The blast join 110 described thus far comprises the uppermost tubing joint 112 including a cross-over sub 144 threaded on the pin end thereof. In FIG. 7B, a portion of the intermediate tubing joint 113 is shown. The intermediate tubing joint 113 is provided with a conventional buttress or other non-upset threaded coupling 176 for threadable connection to the pin end of the cross-over sub 144. The intermediate tubing joint 113 is enclosed by a series of carbide rings 130 much in the same manner as the tubing joint 112. A spring 178 is disposed about the tubing joint 113 in abutment with a shoulder 180 of the buttress coupling 176. A tungsten carbide guide ring 182 and a plurality of carbide rings 130 are slid about the tubing joint 113 and supported at the lower end thereof by a support sleeve 142 and a cross-over sub 144 in the same manner as described above regarding tubing joint 112. Any desired number of intermediate joints may be serially connected to provide a blast joint 110 of the required length. Each tubing joint is connected by a cross-over sub thereby eliminating flush joint connections and providing a blast joint whose tensile strength equals or exceeds the tensile strength of the complete tubing string.

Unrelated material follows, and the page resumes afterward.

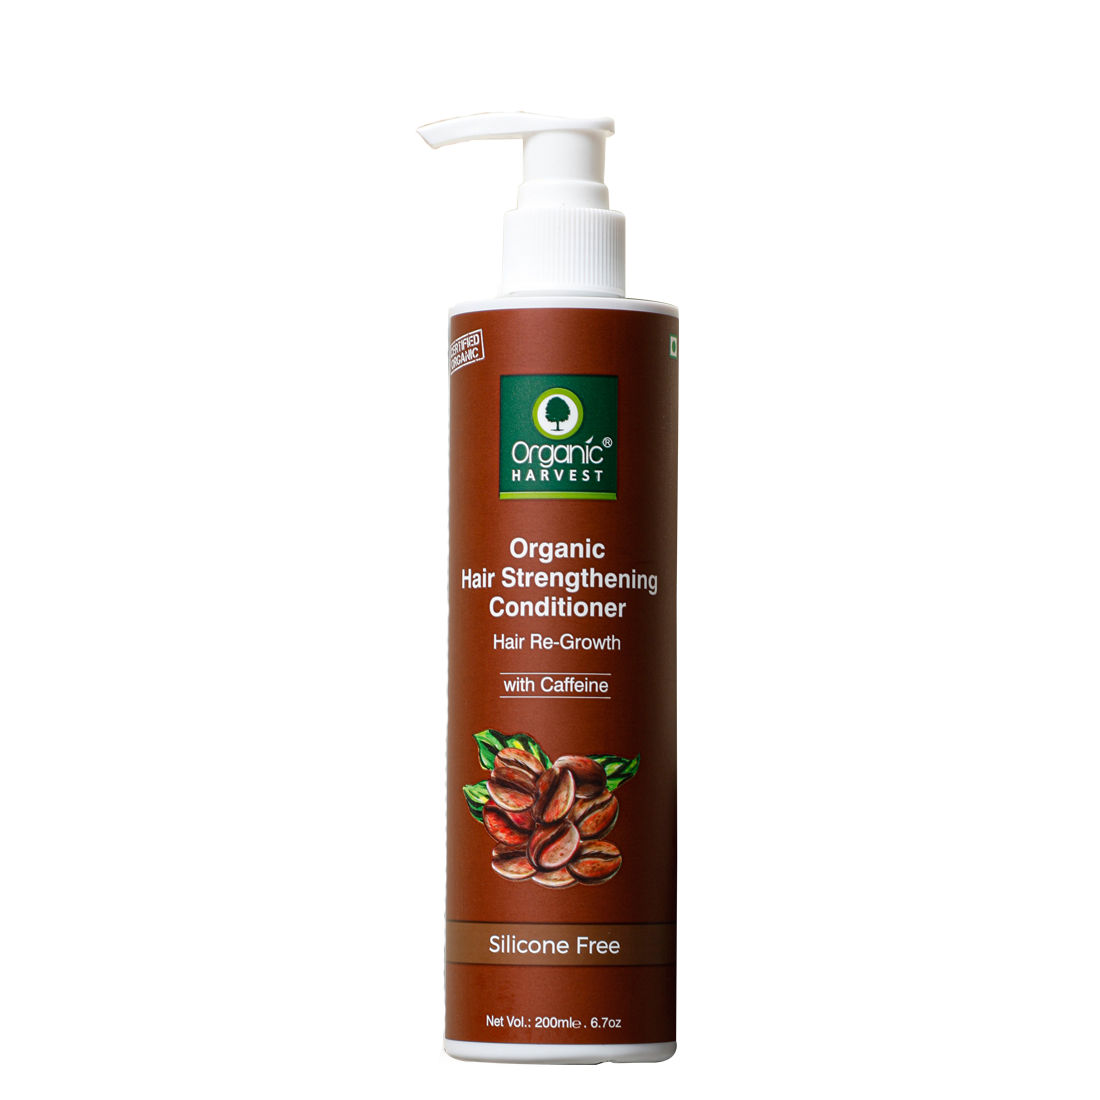 Organic Harvest Conditioner For Hair Fall Control & Hair Growth, Caffeine To Regain Strength In Hair

The lowermost or bottom tubing joint 115, partially shown in FIG. 7C, is substantially identical to the intermediate tubing joint 113. That is, at the upper end thereof, the tubing joint 115 includes a similar buttress or non-upset coupling 176, compression spring 178, and carbide guide ring 182 as shown in FIG. 7B. A series of carbide rings 130 are carried on the bottom tubing joint 115 supported on a lower lock assembly comprising a bowl ring 184 and a slip ring 186 which is substantially identical to the upper lock assembly 126 on the tubing joint 112.
Referring now to FIGS. 12 and 13, a slip sleeve 390 which can be used with the present invention is shown. The slip sleeve 390 defines a tubular body journaled about the encased tubular member 113. The slip sleeve 390 is approximately eighteen inches to thirty-six inches in length and is retained about the tubular member 113 between the guide ring 182 and a running ring 183. The slip sleeve 390 may be located on the tubular members comprising the blast joint of the invention at any desired location where a gripping surface is required. Typically, the slip sleeve 390 is located below the coupling 145 so that when suspended in the well bore, the slip sleeve 190 presents a surface for engagement by the pipe slips 192 to support the blast joint in the well bore 114 so that the coupling 145 extends above the drill rig floor 392 for connection to the next tubing joint to form the multi-joint blast joint. The slip sleeve 390 is very sturdy and includes sufficient wall thickness so that it does not collapse upon application of lateral compressive force by the pipe slips 392. By an alternative embodiment, the slip sleeve 390 may include serrations formed on its exterior. Blast joints, particularly when formed of several joints, are extremely heavy. This tremendous load must be supported by the pipe slips 392 which grip the slip sleeve 390. The serrations aid in maintaining a secure gripping contact between the slip sleeve 390 and the pipe slips 392.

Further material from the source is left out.